El Departamento del Tesoro de Estados Unidos identificó a César Morfín Morfín, alias "El Primito", como el epicentro del huachicol fiscal. Morfín no solo operaba el robo de combustible: administraba su conversión en recursos políticos. Y en esa conversión, un personaje resultó fundamental: Daniel Flores, el financiero de la precampaña presidencial de Adán Augusto López, quien manejaba 27,000 millones de pesos. Flores murió en un accidente aéreo en el Golfo de México apenas tres minutos después de despegar, luego de haber tenido una discusión con Adán Augusto. Su imperio, Grupo Industrial Proyecto, terminó en manos de Amílcar Olán, prestanombres de Andy López Beltrán, hijo del expresidente.
La estela de sangre del huachicol fiscal incluye más de 10 asesinatos. Arnoldo Ramírez, heredero de Carmona, fue desbarrancado en Colima. El almirante Rubén Guerrero, quien denunció la corrupción de los Farías y de Eduardo Laguna, fue asesinado después de que sus superiores compartieran su ubicación. Yanet Nava Ramos, delegada de la FGR en Colima y encargada de investigar el contrabando de hidrocarburos, también fue eliminada. El patrón es claro: quien investiga, muere. Quien denuncia, muere. Quien hereda información comprometedora, muere.
Los recursos del huachicol no se dispersaban al azar. Mario Delgado, presidente de Morena entre 2020 y 2024, fungía como operador central junto con Erasmo González, actual alcalde de Ciudad Madero, Tamaulipas. Recibían de Peralta, de Carmona y de "todo este elenco de personajes huachicoleros" los recursos para "veintitantas candidaturas" en 2021 y el financiamiento de la campaña presidencial de 2024. Delgado, quien llegó a la dirigencia de Morena mediante sobornos repartidos en un departamento de Lomas de Chapultepec —según denuncia de Porfirio Muñoz Ledo— no solo distribuía dinero: también quedaba documentado recibiéndolo en los videos de la casa de Carmona, "sentado en la sala, recibiendo y repartiendo el pastel de los dineros sucios del huachicol y del crimen organizado".
El hermano de Sergio Carmona, Julio Carmona, se convirtió en testigo protegido ante autoridades estadounidenses. Entregó un paquete de videos que ahora forma parte de investigaciones federales. Se habla de que cada candidato tiene su propio registro: llegada, recepción de recursos, compromisos adquiridos. Un archivo que no solo documenta corrupción, sino que prueba cómo el crimen organizado instaló un sistema político completo.

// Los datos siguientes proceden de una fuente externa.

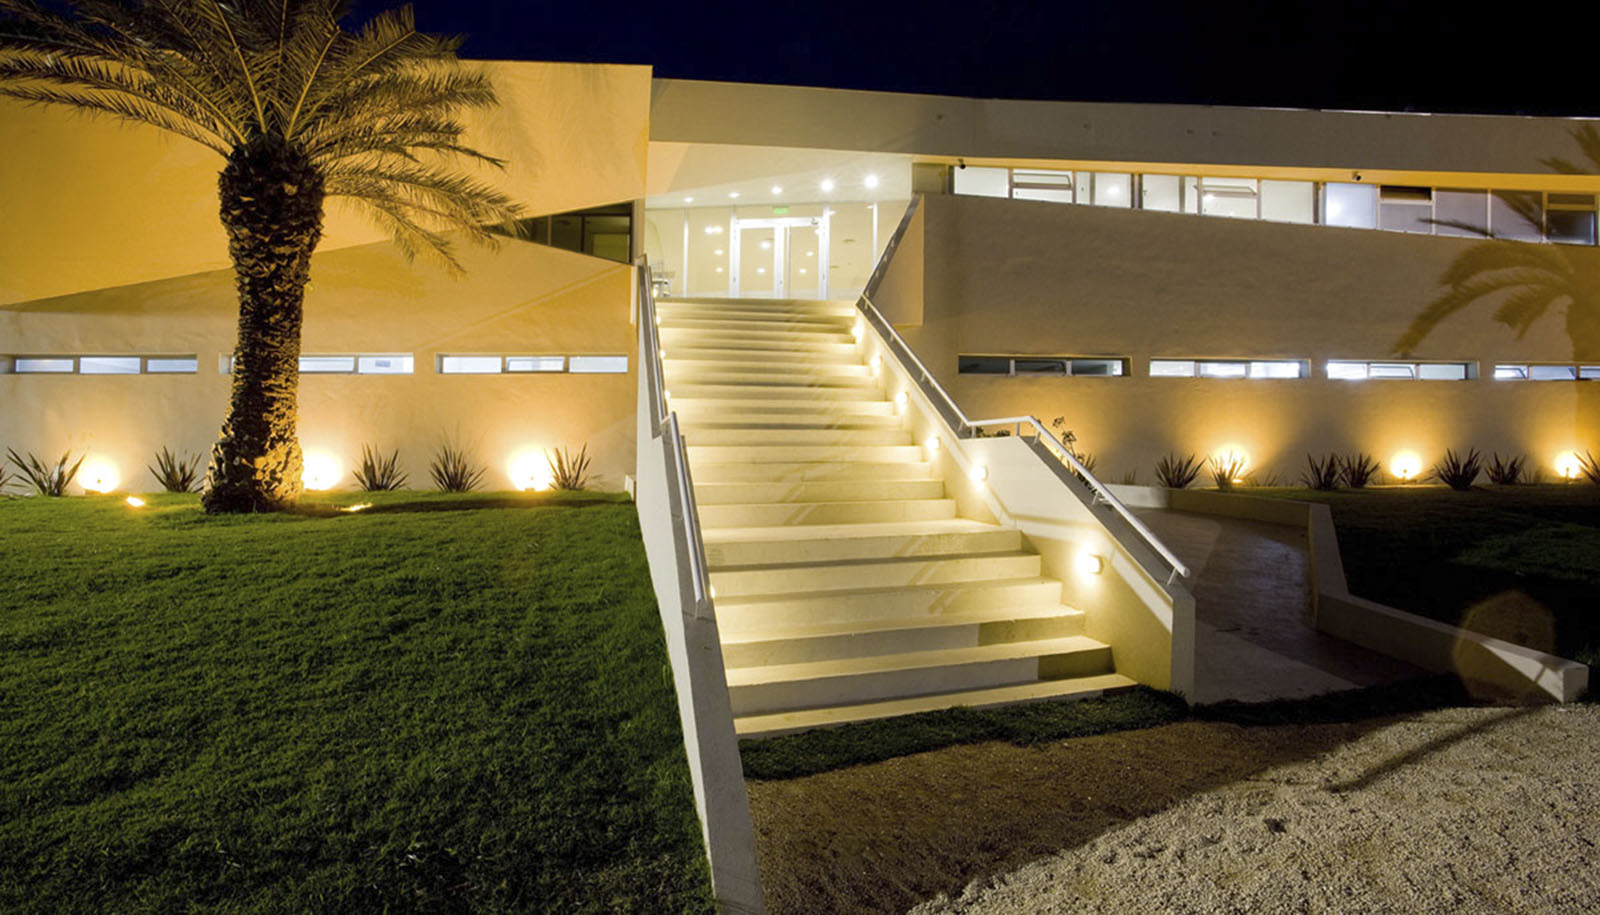 Escaleras modernas, arquitectura plegada, iluminación en arquitectura, complejo deportivo

Lo que AMLO describió como "unos tubitos" resultó ser el fenómeno de corrupción y colusión política que ahora amenaza con dar al traste con el sistema completo de la cuarta transformación. Porque cuando el financiamiento de un partido proviene del crimen organizado, combatir al crimen organizado implica desfinanciar —y destruir— al partido. Y esa es una ecuación que Claudia Sheinbaum aún no resuelve, mientras Washington observa los videos, congela cuentas y presiona para extradiciones.